Logan’s shoulders slumped further. “He doesn’t know me.”

“That’s true,” she admitted. “He doesn’t. But he wants to. More than anything.”

The darkness had settled completely now, and the cold was biting through her jacket. Logan’s teeth were chattering, his arms wrapped tight around himself. She pulled her emergency blanket from her pack and draped it around his shoulders.

“He’s waiting?—”

“Okay. We can sit here a bit longer.” She looked up at the sky through the canopy of pines. Stars were beginning to dot the sky overhead. She always loved the Montana sky at night.

“This morning,” she said, still staring up, “my best friend brought me a photo from a security camera at a bus station in Spokane. A woman who might be Alice. I don’t know yet if it’s her. I’ve been wrong before. A lot.” She looked out at the trees. “I don’t know which one I’m more afraid of. Being wrong—which means she’s still missing, and I’m back at zero. Or being right—which means she’s been somewhere out there for fifteen years and never called.” She stopped. “I haven’t told Bear about thatphoto, or that I’m going to Spokane in the morning to find the woman.”
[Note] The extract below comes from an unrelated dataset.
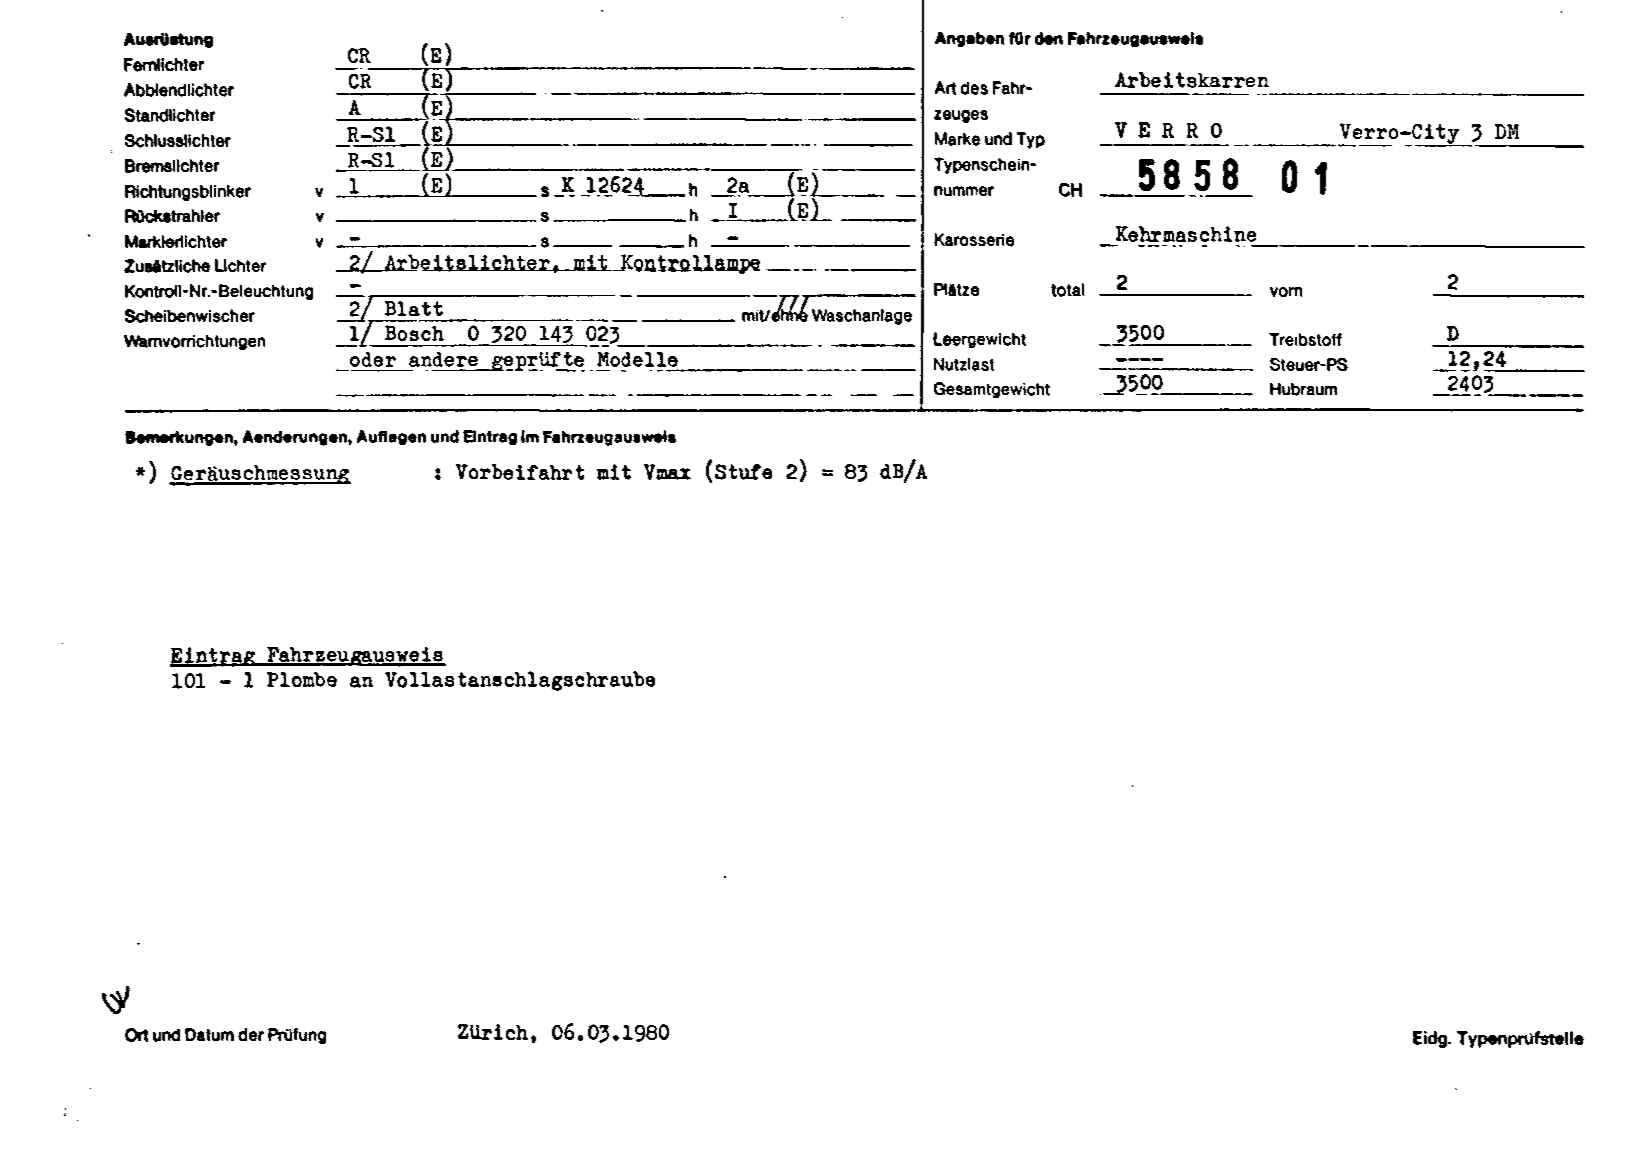 Swiss Certificate of Conformity 585801 German Page 2 (TG.DE.585801.2.png)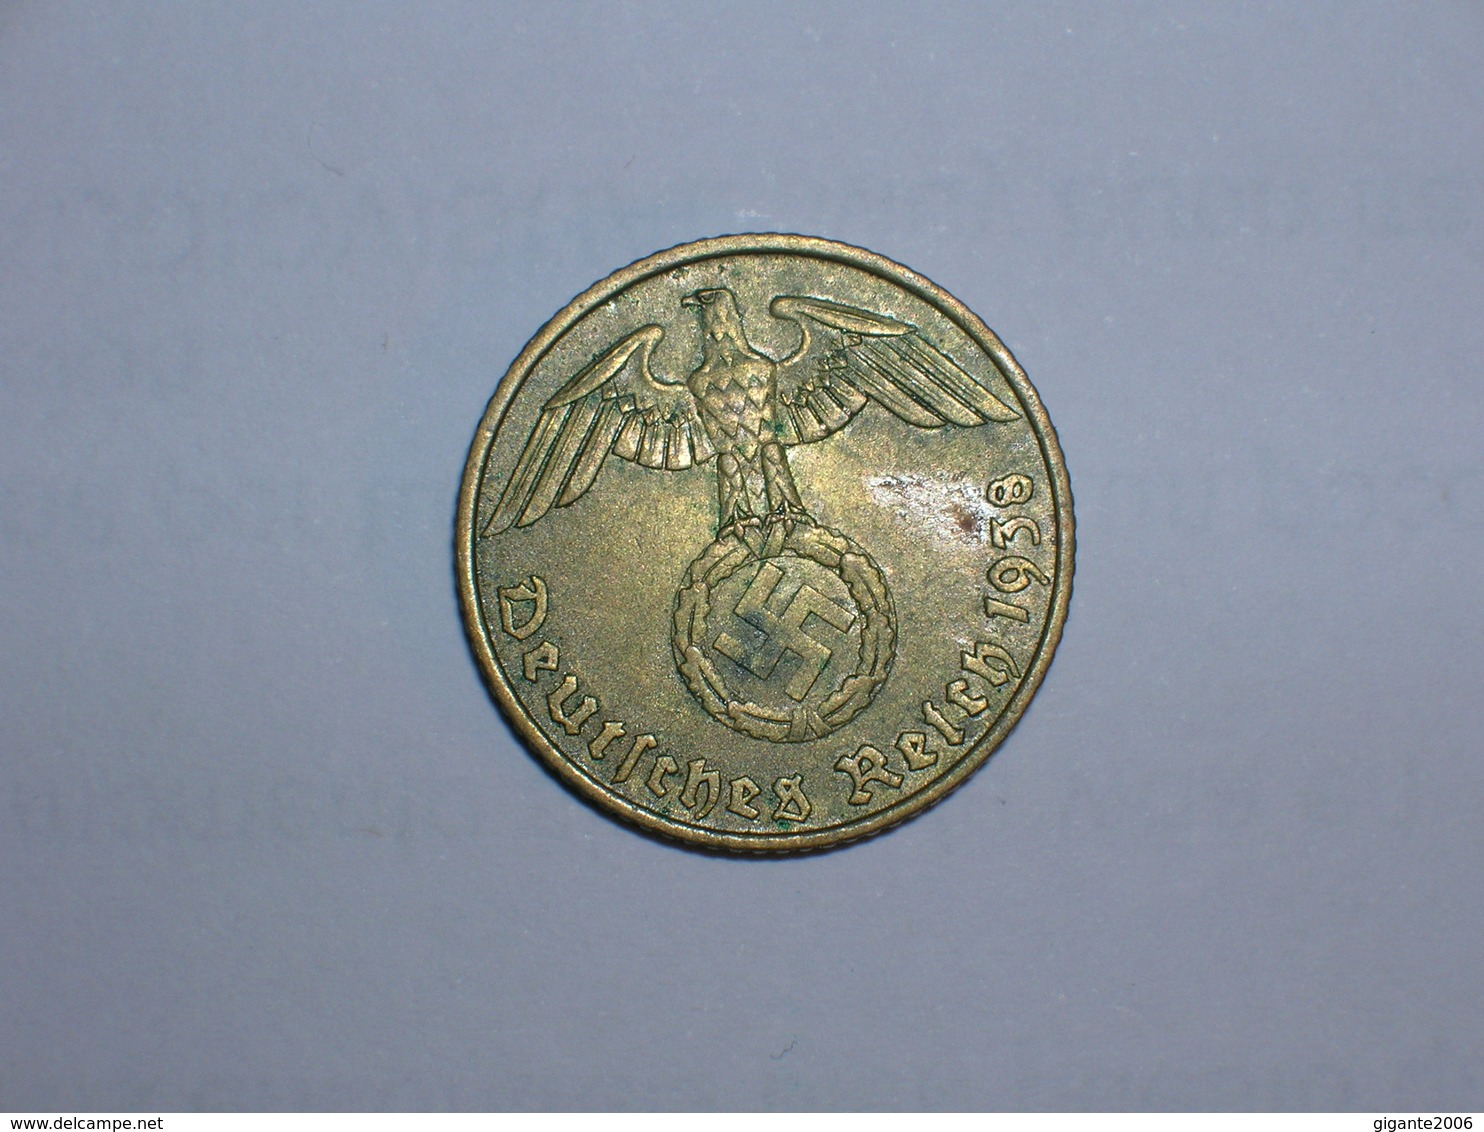 ALEMANIA- 5 PFENNIG 1938 A (897) - 5 Reichspfennig

Logan lifted his head. “Why not?”

“Because he’d want to go with me, and he needs to stay here with you. And he’d feel like he’s failing both of us.”

Logan was quiet for a long moment, staring at his hands wrapped in the emergency blanket. “That’s messed up.”

“Yeah,” she agreed. “It is. But your dad has a big heart, and he hates letting down the people he cares about. So maybe you can give him a chance?”

He put his face back down on his knees, but his shoulders had relaxed.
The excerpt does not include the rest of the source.